この作品は最後「あの女」の自殺、そして兄・とんびが初めて感じる絶望によって幕を閉じます。あの女はどんなに迫害されても、最初は世間を拒絶することで生きています。ただ赤鬼と交流することで、まったく違う世界とつながることができたという事実から希望を持つことの喜びを知る。だから彼女は土壇場まで「希望を捨てない」と叫ぶ。ただ最後に自分が生きるために、結果として先に死んだ赤鬼の肉を食べたという事実が、彼女の心を壊す。そう自分のために結果として他人を犠牲にしていること、その事実に気が付かなかったことか、あるいは感づいたが知らない思考が働いたことか、、、、いずれにせよ「鬼が人を食べるんじゃない、人が鬼を食べるんだ」と村人たちに叫んで差別を批判した自分が、まさに鬼を食べたという行為に耐えられなくなっています。人肉を食べるというカニバリズム云々への批判は別として、ここでのポイントは結局の所、理想と生命維持への欲求で、本能が上回ってしまうという現実への絶望だと思います。ただこれが「ある女」の絶望になってしまうのは厳しいなあ、、、、、あまりにも辛い。人は生命保存への本能的欲求を理想で上回ることができるのか?という命題への答えを持っていない気がするので。肉体関係があったかどうかは、正直どっちでもいいしそれがあってもなくても、自分の希望であった鬼の肉を食らう自分に、女は絶望しただろうなあ、、、と考えたりしています。

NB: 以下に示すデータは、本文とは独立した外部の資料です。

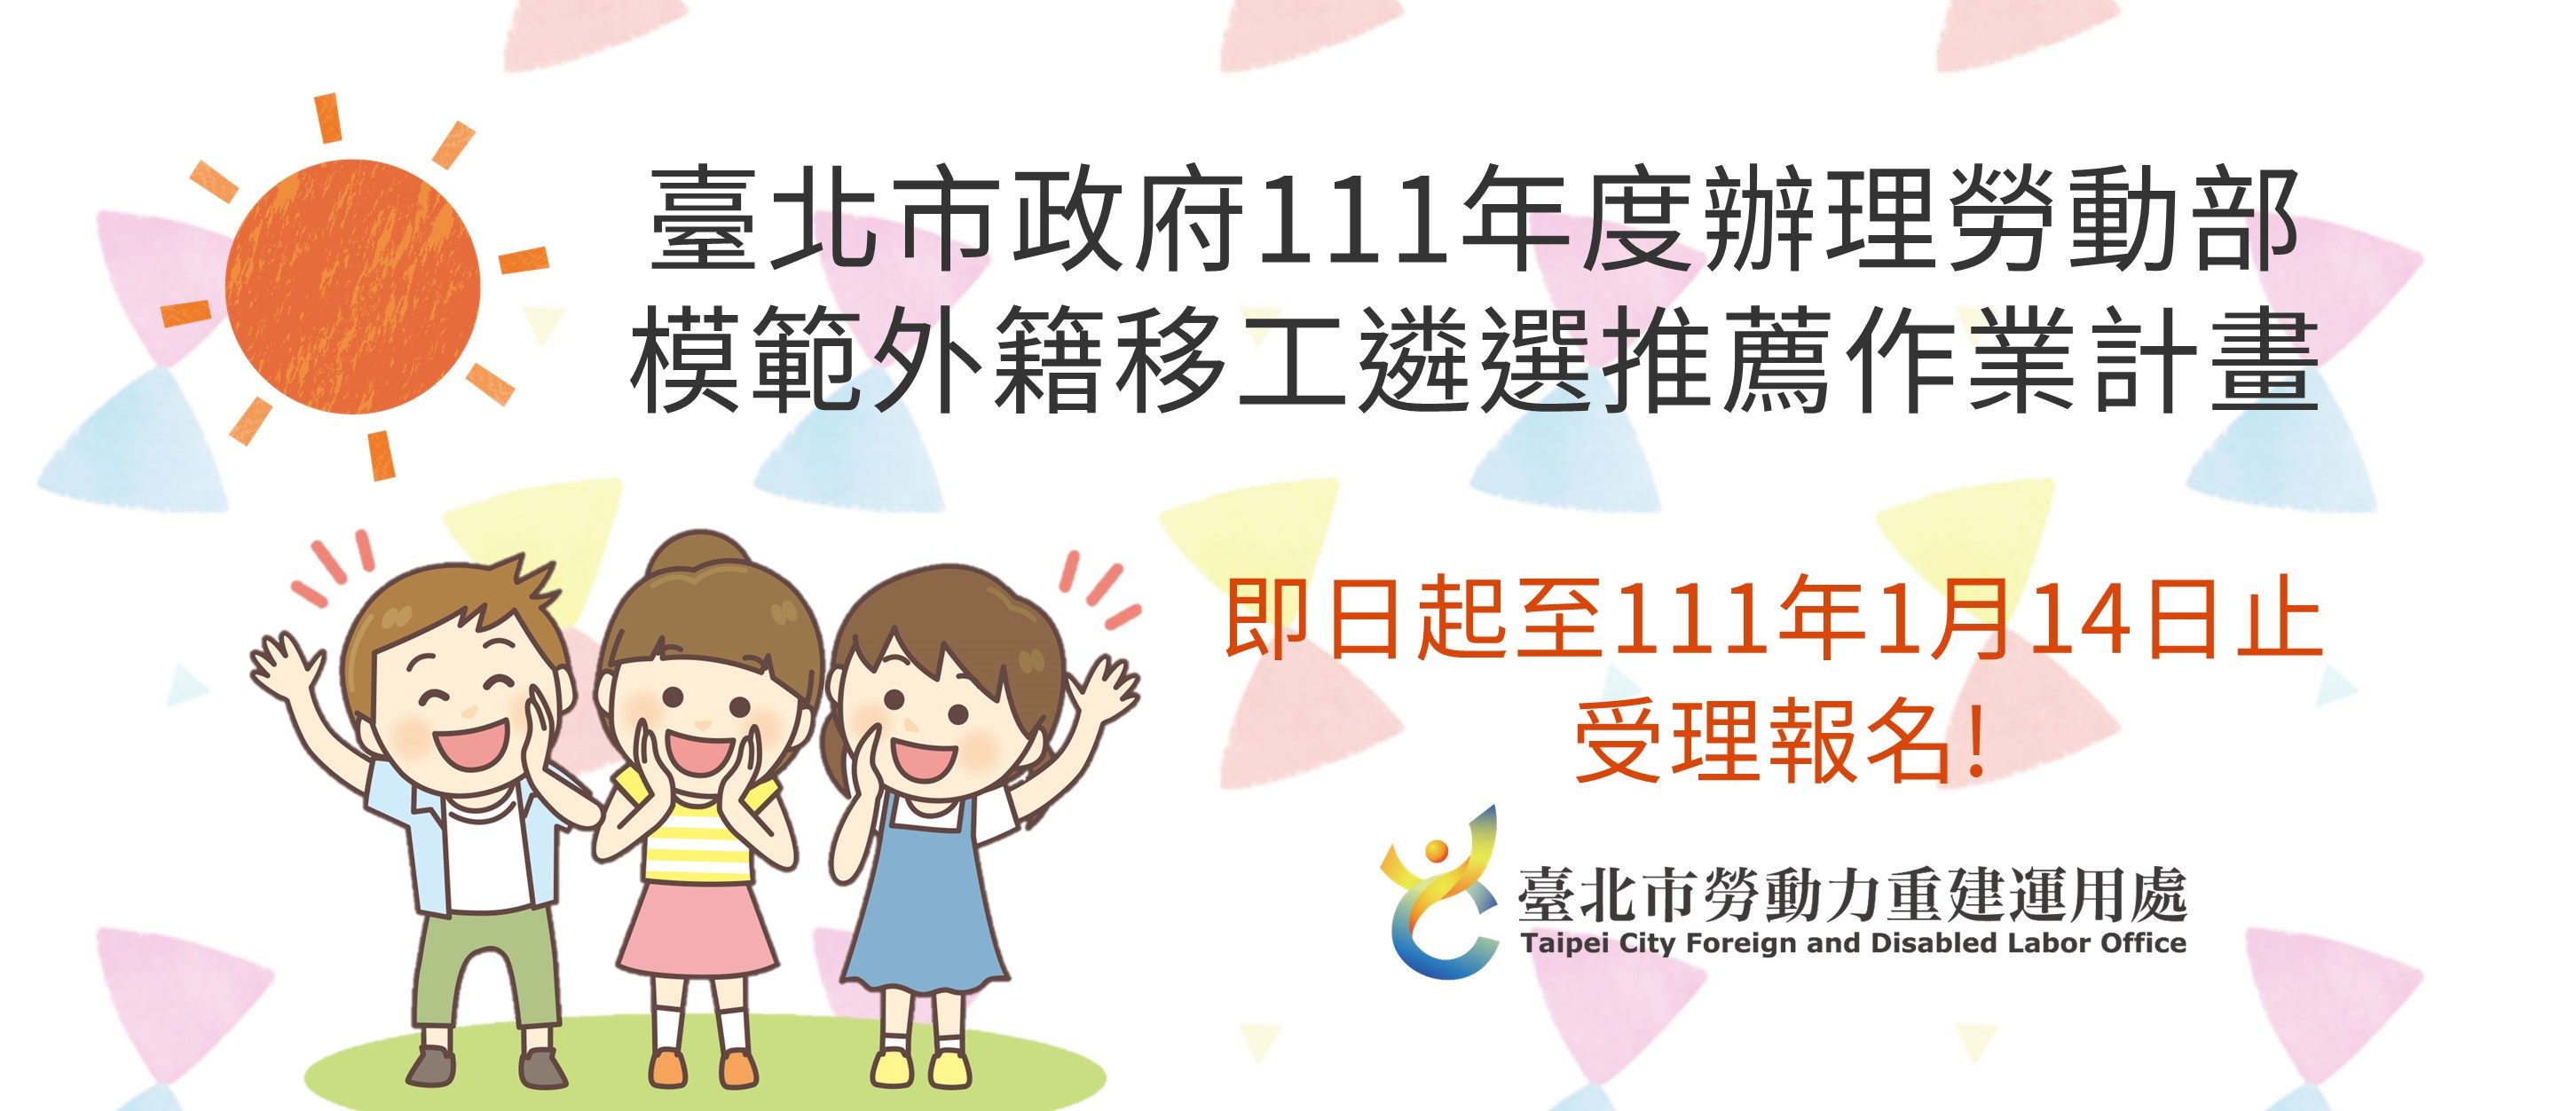 Để cảm ơn những đóng góp của lao động di trú, bắt đầu từ nay cho đến hết ngày 14/1/2022, Cục Lao động thành phố Đài Bắc sẽ tiếp nhận hồ sơ đề cử và bình chọn những người lao động di trú ưu tú. (Nguồn ảnh: chính quyền thành phố Đài Bắc)

すみません、思いついたことをなんとなくつらつらを並べて書いていて、まとまってはいない気がしますが、数回、この作品を見ている自分としては、改めてこの新しいキャストで見ることができたことをすごく嬉しく思っています。今回はAチームで拝見していて、主要メンバー四人はどの方も素晴らしい演技だったと思います。ある女を演じた夏子さん、素晴らしい演技でした。特に動きが出たときにはすごく躍動感を感じる演技で、鬼との交流での感情の爆発もいいなあと思って見ていました。河内大和さんの嘘つき男・水銀の嫉妬は情けなさが伝わってきてよかったです。最後の肉を食らうことを告白したシーンも、愛憎が混じった空気がすごくにじみ出ていたと思います。助けたいと、嫉妬によって肉を食らうことで存在を消すという両面で。木山廉彬さんは知恵遅れの兄・とんびを演じますが、もうこれは最後の初めての絶望を知るがすべての演技の集約。感情のほとばしりがない分、そこに向けて如何にキャラクターが作られていくか、ですが自分はあの淡々とした絶望への道が、妹が遠ざかっていく演出と重なってよかったなあと思います。赤鬼の森田真和さんはあれだけの動きもそうですが、鬼という異邦人の難しさがよく出ていたと思います。昔の赤鬼では実際に外国の方を使っていたりしたので、また違う空気があるのですが、今回は衣装も含めて「異質なもの」という状況を如何に観客に感じさせるか、そして鬼が感じる僅かな喜びと大いなる絶望という部分がにじみ出ていたと思います。あのキング牧師のスピーチを話すシーンでの叫びは、最初は希望が含まれますが、後半は実は絶望しかない。それでも叫ぶあの姿は良いものでした。
この作品、他のチームもぜひ見たかったです。いろいろな役者さんが演じる空気の違いを感じ取ってみたかった。今回、劇場はすごく工夫されていて、客席前にシートがありますが、照明の当て方などの工夫から観劇中はほとんど意識することなく見ることができました。今回の公演の難しさがある中で頑張ってくださったことに感謝します。